WHAT THE TASK ASKS: Copy each line below word for word and drop every image.

SUPPLIED INFORMATION:
....
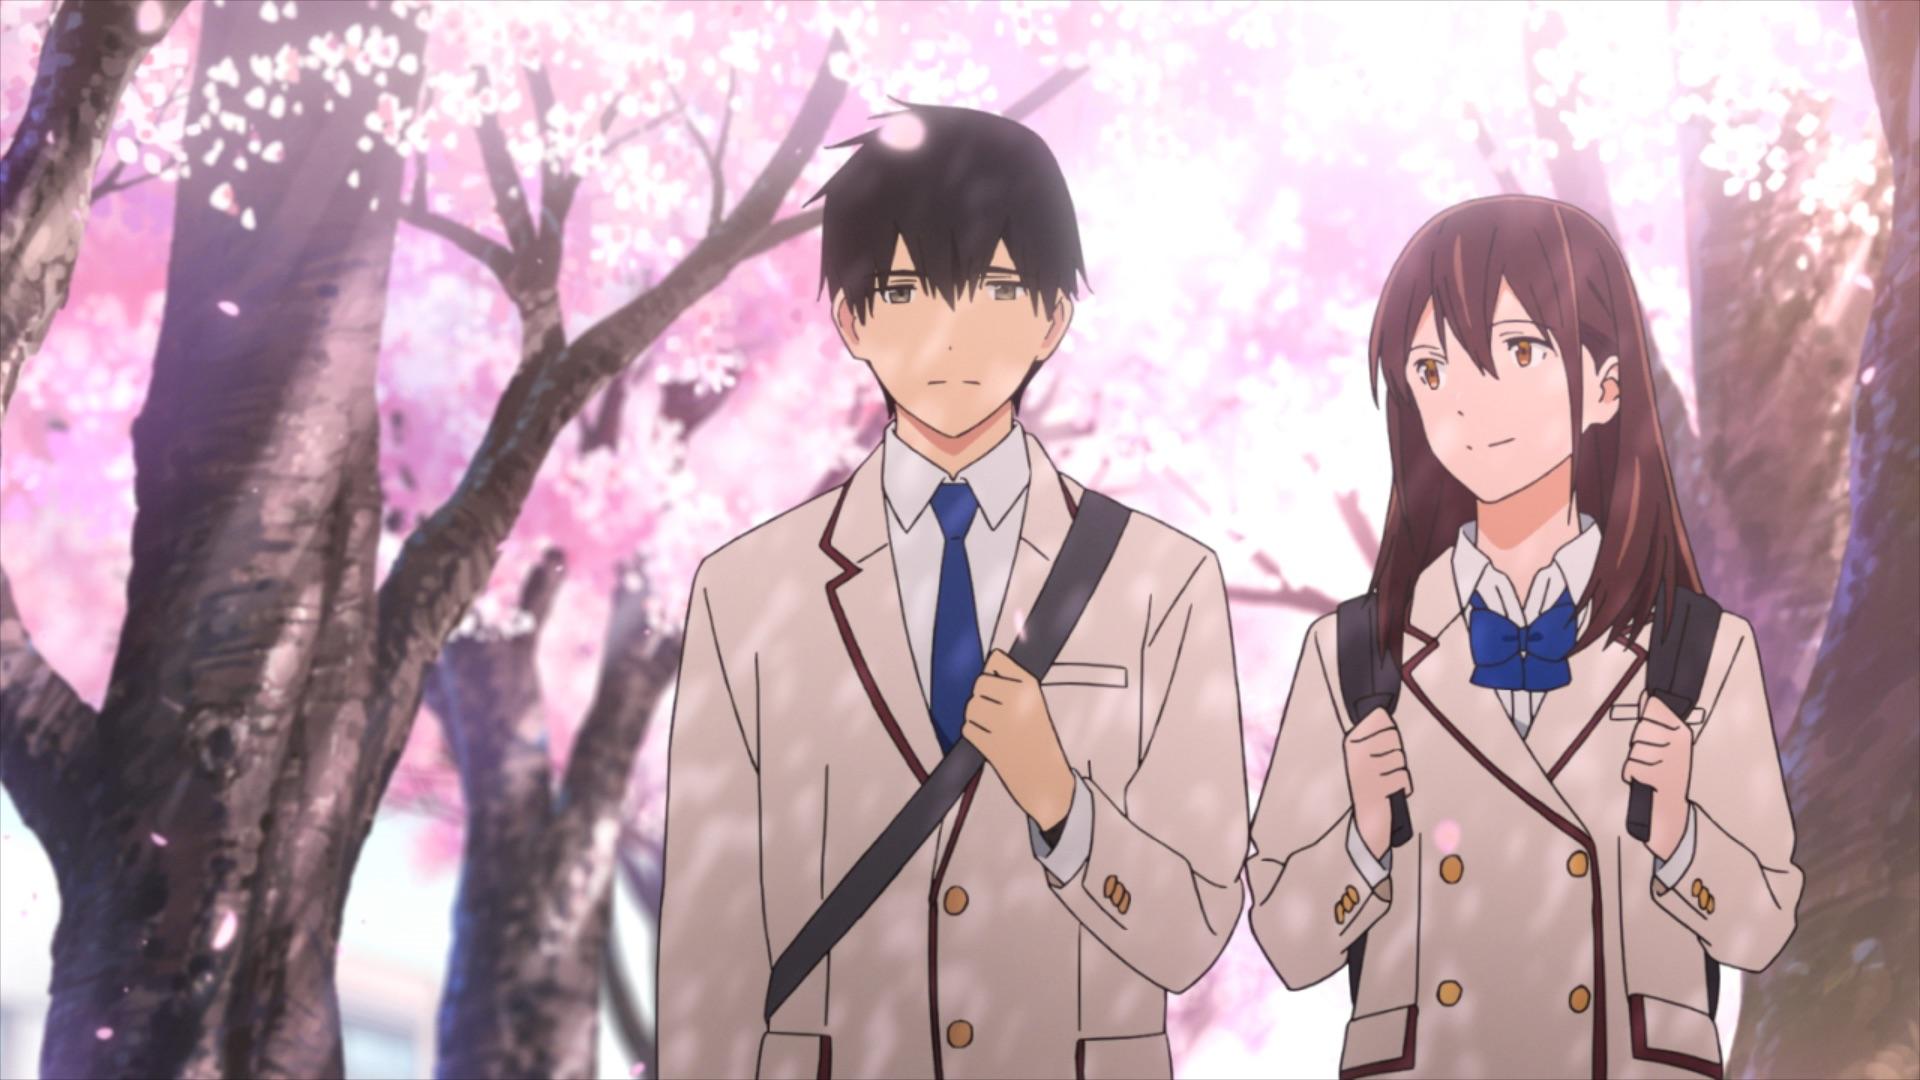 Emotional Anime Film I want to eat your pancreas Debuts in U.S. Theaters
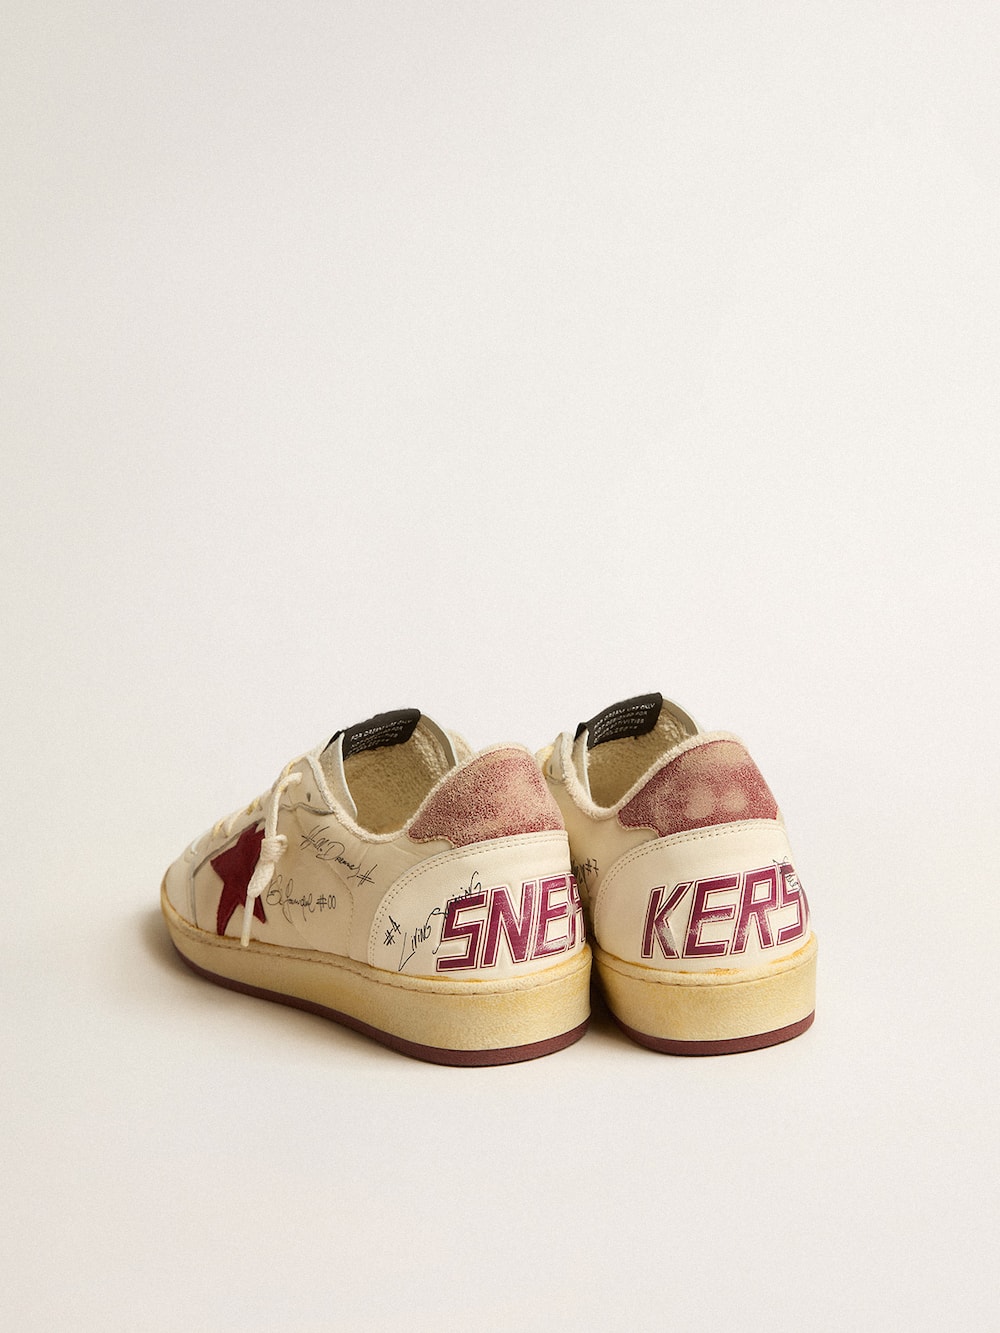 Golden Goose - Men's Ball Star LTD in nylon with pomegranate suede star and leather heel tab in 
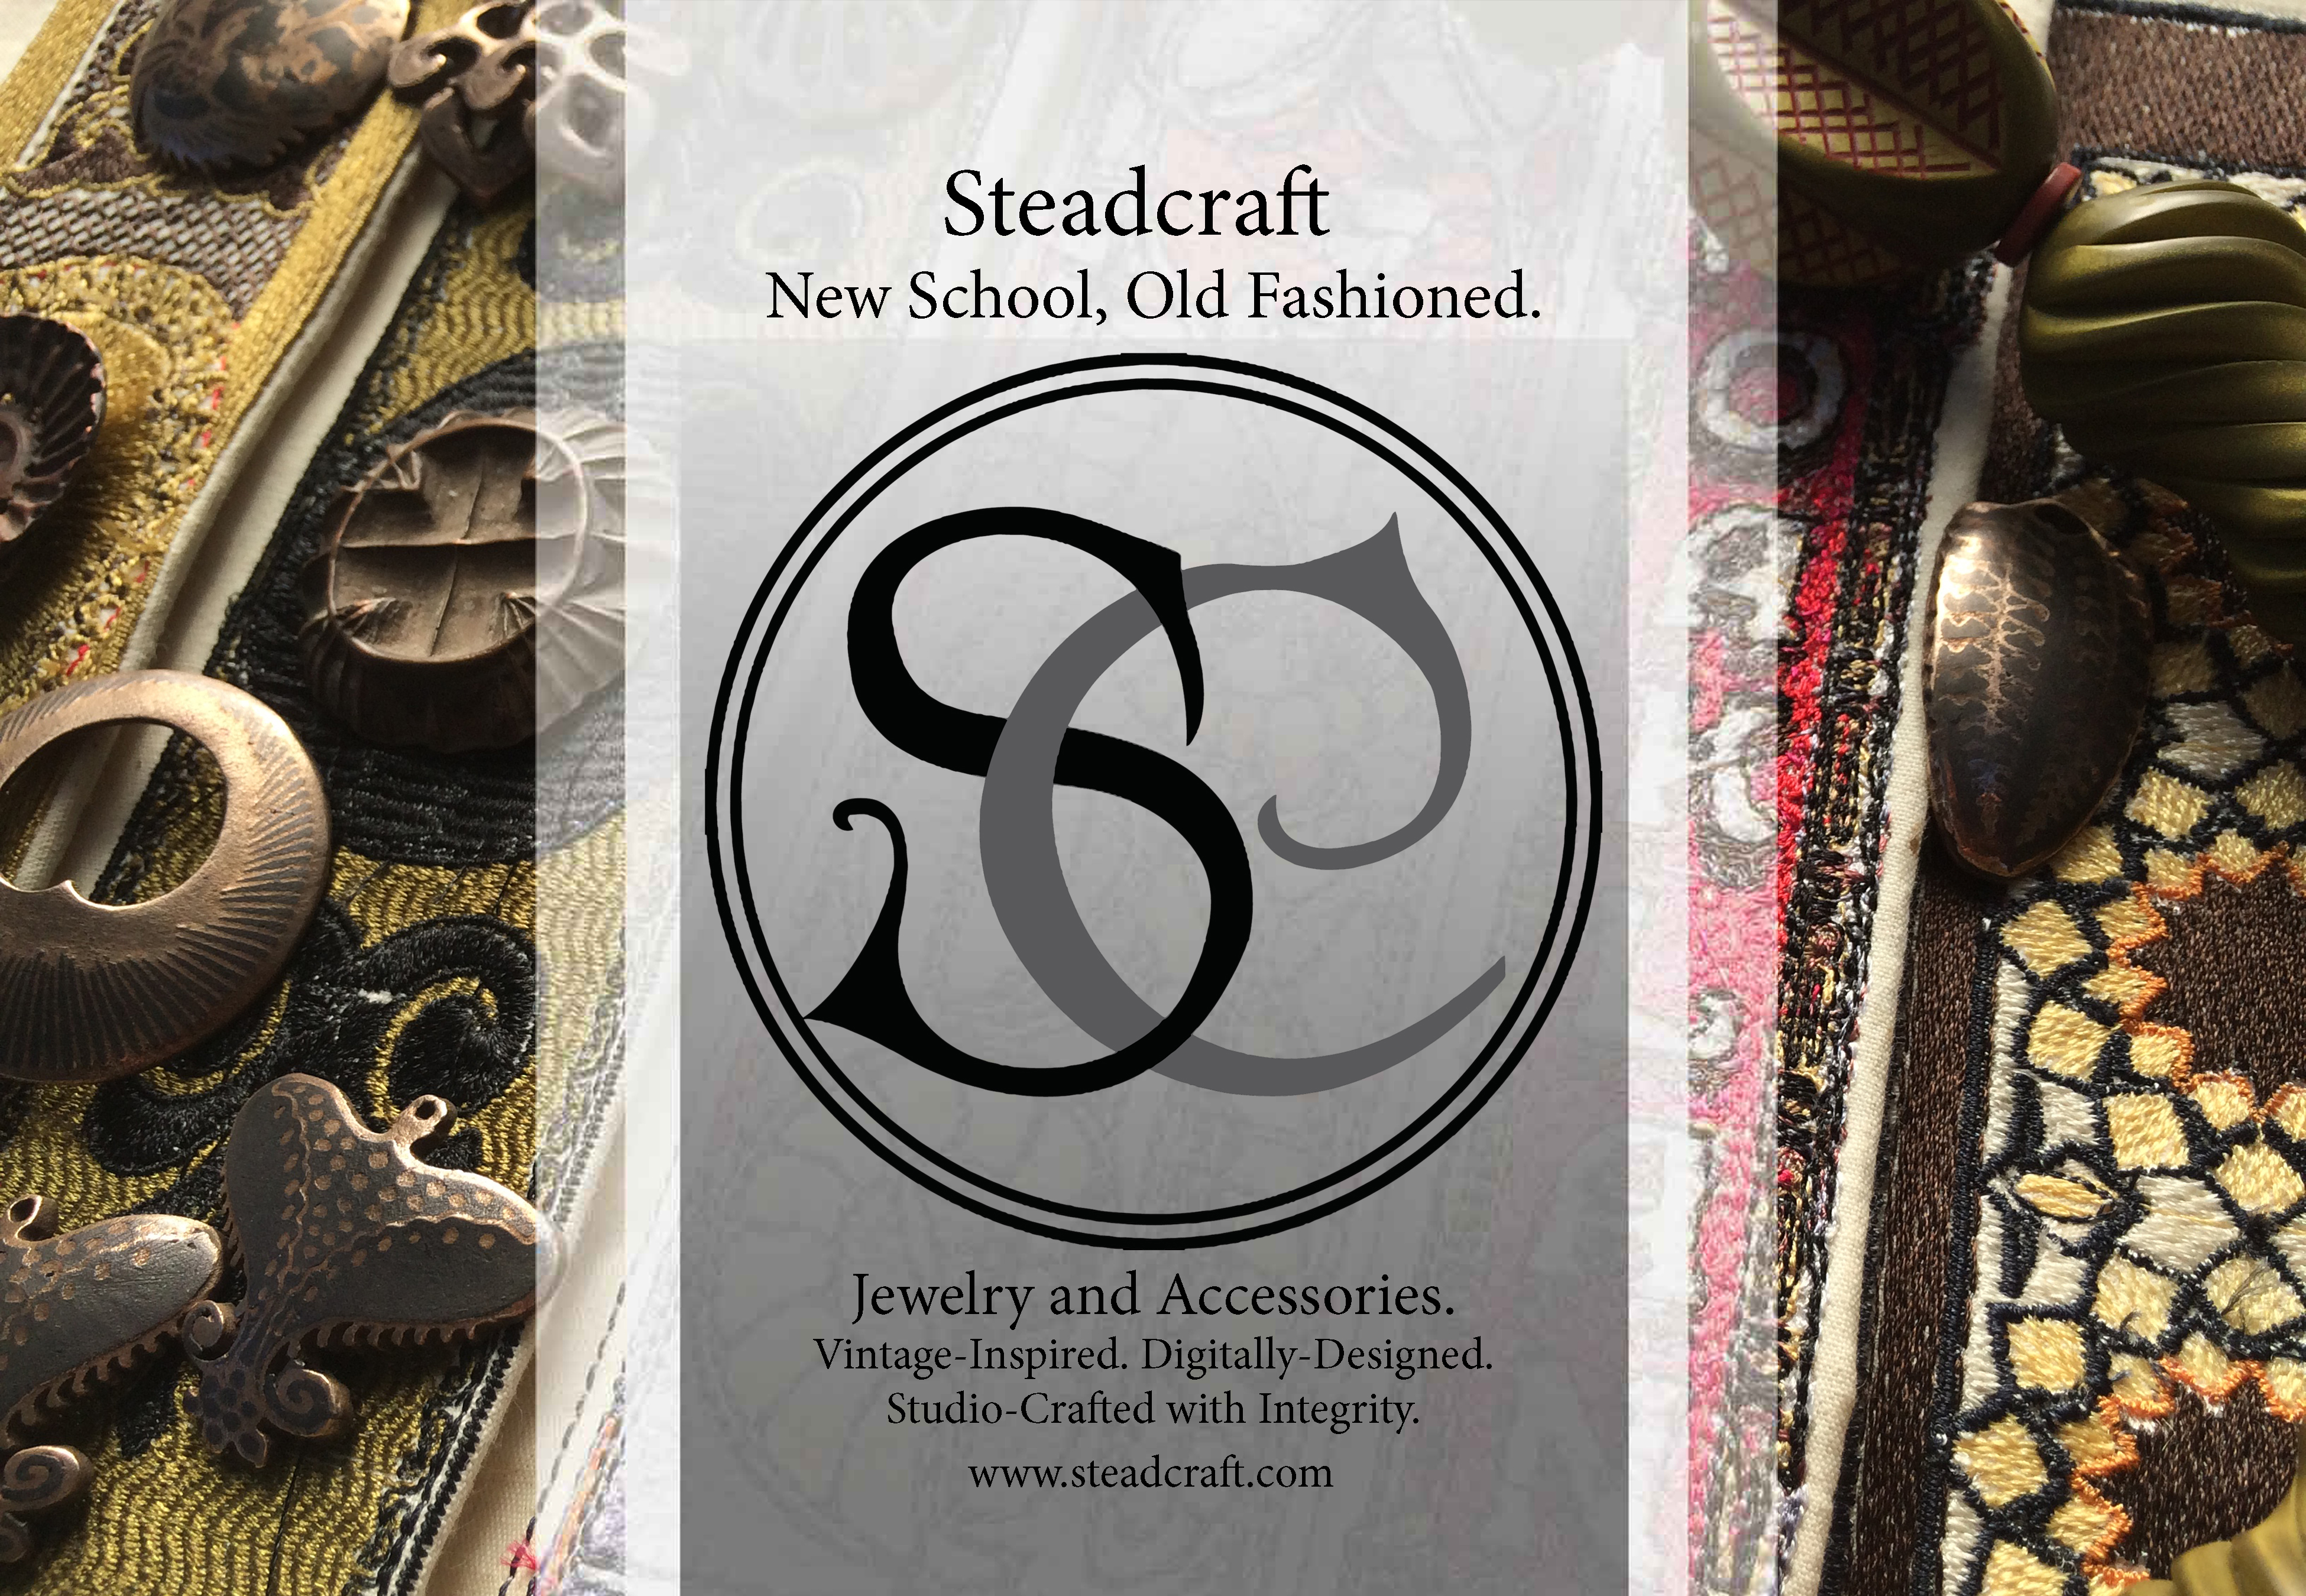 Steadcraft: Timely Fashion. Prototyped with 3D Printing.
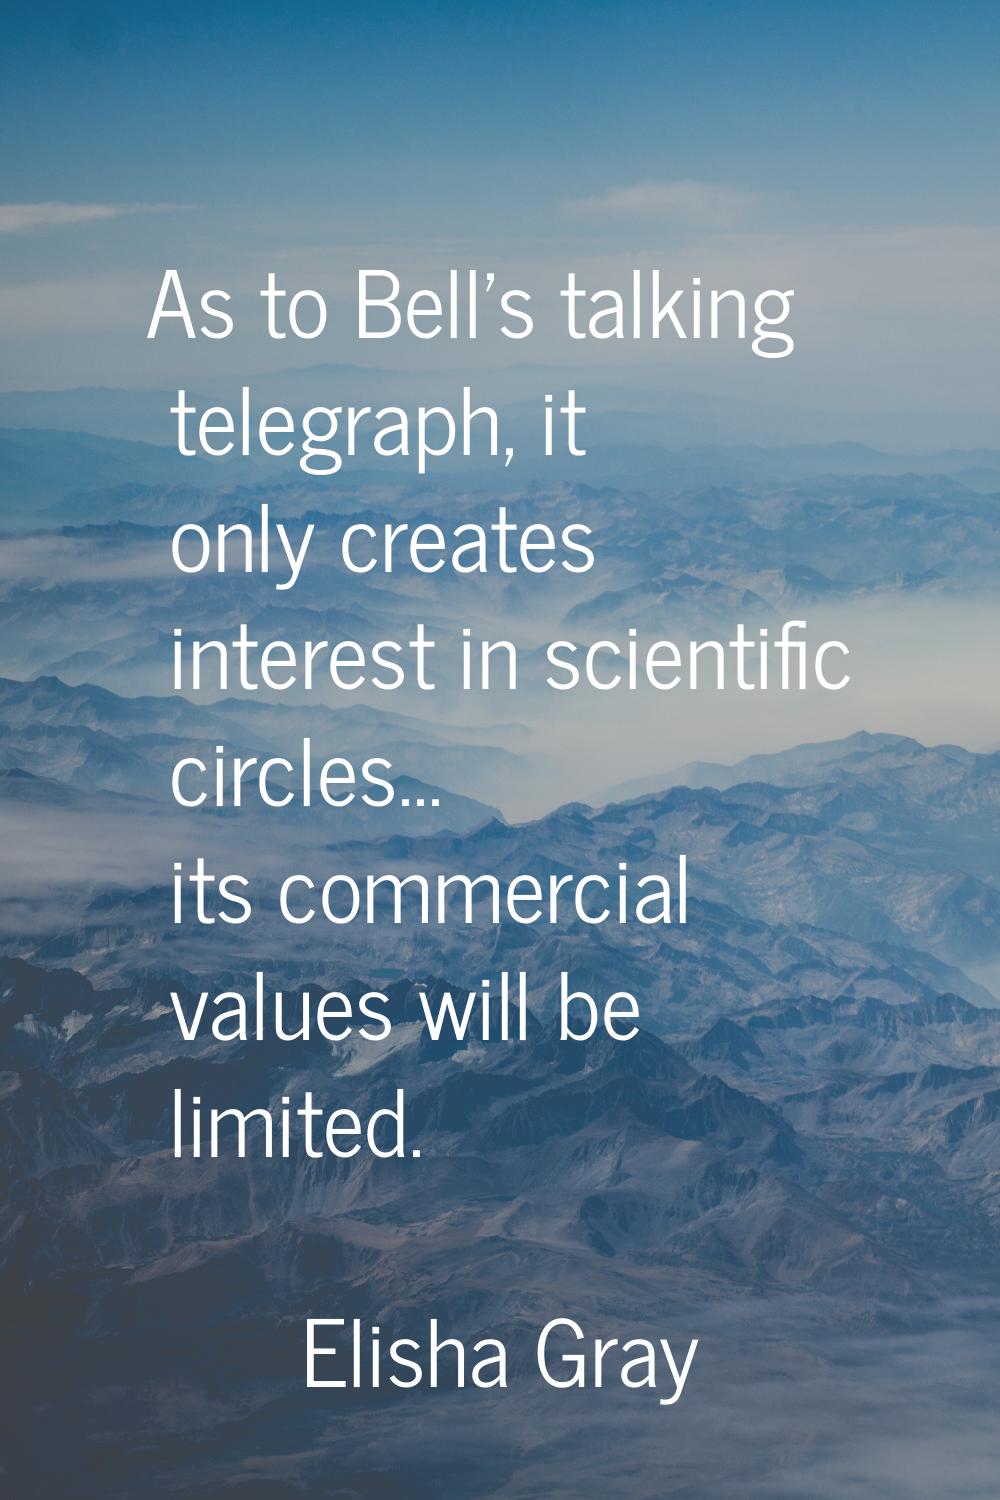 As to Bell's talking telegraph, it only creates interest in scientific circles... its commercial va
....
SOLUTION FOR THIS EXERCISE:
 Emotional Anime Film I want to eat your pancreas Debuts in U.S. Theaters
 Golden Goose - Men's Ball Star LTD in nylon with pomegranate suede star and leather heel tab in 
 Steadcraft: Timely Fashion. Prototyped with 3D Printing.
 As to Bell's talking telegraph, it only creates interest in scientific circles... its commercial va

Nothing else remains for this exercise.